(Collected data)
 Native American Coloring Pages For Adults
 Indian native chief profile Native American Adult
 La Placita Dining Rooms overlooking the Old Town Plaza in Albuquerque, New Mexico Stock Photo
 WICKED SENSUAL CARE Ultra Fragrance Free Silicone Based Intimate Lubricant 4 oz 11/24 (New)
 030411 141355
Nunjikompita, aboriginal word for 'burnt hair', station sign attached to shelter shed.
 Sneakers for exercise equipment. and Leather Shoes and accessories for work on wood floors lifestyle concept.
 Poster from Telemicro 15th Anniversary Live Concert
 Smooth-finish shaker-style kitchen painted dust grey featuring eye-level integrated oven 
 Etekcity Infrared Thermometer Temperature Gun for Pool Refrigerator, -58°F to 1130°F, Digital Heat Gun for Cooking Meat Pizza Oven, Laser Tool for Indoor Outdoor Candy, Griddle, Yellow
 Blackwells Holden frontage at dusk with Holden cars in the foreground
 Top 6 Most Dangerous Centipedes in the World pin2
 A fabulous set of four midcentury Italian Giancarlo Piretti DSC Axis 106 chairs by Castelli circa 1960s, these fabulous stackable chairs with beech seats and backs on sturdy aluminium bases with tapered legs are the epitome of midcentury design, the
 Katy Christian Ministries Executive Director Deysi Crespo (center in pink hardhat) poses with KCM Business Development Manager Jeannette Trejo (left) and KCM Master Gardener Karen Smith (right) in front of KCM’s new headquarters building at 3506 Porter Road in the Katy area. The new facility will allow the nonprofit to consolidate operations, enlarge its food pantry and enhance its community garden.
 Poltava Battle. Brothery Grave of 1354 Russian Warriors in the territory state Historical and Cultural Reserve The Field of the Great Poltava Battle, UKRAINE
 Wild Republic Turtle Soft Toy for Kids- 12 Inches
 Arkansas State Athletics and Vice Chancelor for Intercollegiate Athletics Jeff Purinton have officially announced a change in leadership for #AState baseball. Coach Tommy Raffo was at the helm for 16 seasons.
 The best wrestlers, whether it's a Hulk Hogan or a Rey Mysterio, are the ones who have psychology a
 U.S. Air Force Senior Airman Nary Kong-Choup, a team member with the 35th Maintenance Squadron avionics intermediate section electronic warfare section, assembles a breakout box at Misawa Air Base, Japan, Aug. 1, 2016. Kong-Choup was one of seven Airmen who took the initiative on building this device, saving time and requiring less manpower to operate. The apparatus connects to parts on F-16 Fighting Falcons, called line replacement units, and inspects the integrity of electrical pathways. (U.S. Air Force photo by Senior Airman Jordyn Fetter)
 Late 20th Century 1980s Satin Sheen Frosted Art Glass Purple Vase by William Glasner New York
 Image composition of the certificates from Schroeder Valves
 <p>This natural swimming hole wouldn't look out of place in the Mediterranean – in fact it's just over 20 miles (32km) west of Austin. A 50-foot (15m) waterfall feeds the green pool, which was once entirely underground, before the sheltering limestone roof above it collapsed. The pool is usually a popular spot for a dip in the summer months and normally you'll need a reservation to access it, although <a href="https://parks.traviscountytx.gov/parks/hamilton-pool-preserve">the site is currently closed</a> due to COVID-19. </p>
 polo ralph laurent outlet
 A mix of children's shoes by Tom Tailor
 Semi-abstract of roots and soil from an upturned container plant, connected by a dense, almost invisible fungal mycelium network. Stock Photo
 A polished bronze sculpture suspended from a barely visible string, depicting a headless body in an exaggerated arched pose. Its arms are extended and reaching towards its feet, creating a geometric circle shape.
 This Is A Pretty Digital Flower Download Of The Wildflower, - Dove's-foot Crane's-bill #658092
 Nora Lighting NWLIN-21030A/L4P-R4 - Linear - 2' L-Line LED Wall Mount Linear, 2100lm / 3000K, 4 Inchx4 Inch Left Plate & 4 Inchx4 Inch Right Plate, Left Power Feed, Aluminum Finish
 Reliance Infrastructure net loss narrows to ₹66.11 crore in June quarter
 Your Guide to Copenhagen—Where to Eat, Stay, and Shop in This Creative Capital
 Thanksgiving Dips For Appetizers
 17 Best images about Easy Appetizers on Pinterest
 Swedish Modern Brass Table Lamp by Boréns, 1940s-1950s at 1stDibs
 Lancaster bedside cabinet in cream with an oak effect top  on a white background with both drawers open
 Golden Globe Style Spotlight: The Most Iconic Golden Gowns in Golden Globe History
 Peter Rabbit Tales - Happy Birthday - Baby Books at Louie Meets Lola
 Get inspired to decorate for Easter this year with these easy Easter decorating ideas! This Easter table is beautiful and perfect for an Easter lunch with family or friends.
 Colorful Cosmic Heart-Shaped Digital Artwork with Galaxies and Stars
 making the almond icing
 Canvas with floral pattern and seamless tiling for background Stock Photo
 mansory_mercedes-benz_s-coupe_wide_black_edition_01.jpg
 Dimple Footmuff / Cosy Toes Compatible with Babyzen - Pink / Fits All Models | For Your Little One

What this task involves - Where the string "building" occurs in the data, return the whole line.

Task response -
 Katy Christian Ministries Executive Director Deysi Crespo (center in pink hardhat) poses with KCM Business Development Manager Jeannette Trejo (left) and KCM Master Gardener Karen Smith (right) in front of KCM’s new headquarters building at 3506 Porter Road in the Katy area. The new facility will allow the nonprofit to consolidate operations, enlarge its food pantry and enhance its community garden.
 U.S. Air Force Senior Airman Nary Kong-Choup, a team member with the 35th Maintenance Squadron avionics intermediate section electronic warfare section, assembles a breakout box at Misawa Air Base, Japan, Aug. 1, 2016. Kong-Choup was one of seven Airmen who took the initiative on building this device, saving time and requiring less manpower to operate. The apparatus connects to parts on F-16 Fighting Falcons, called line replacement units, and inspects the integrity of electrical pathways. (U.S. Air Force photo by Senior Airman Jordyn Fetter)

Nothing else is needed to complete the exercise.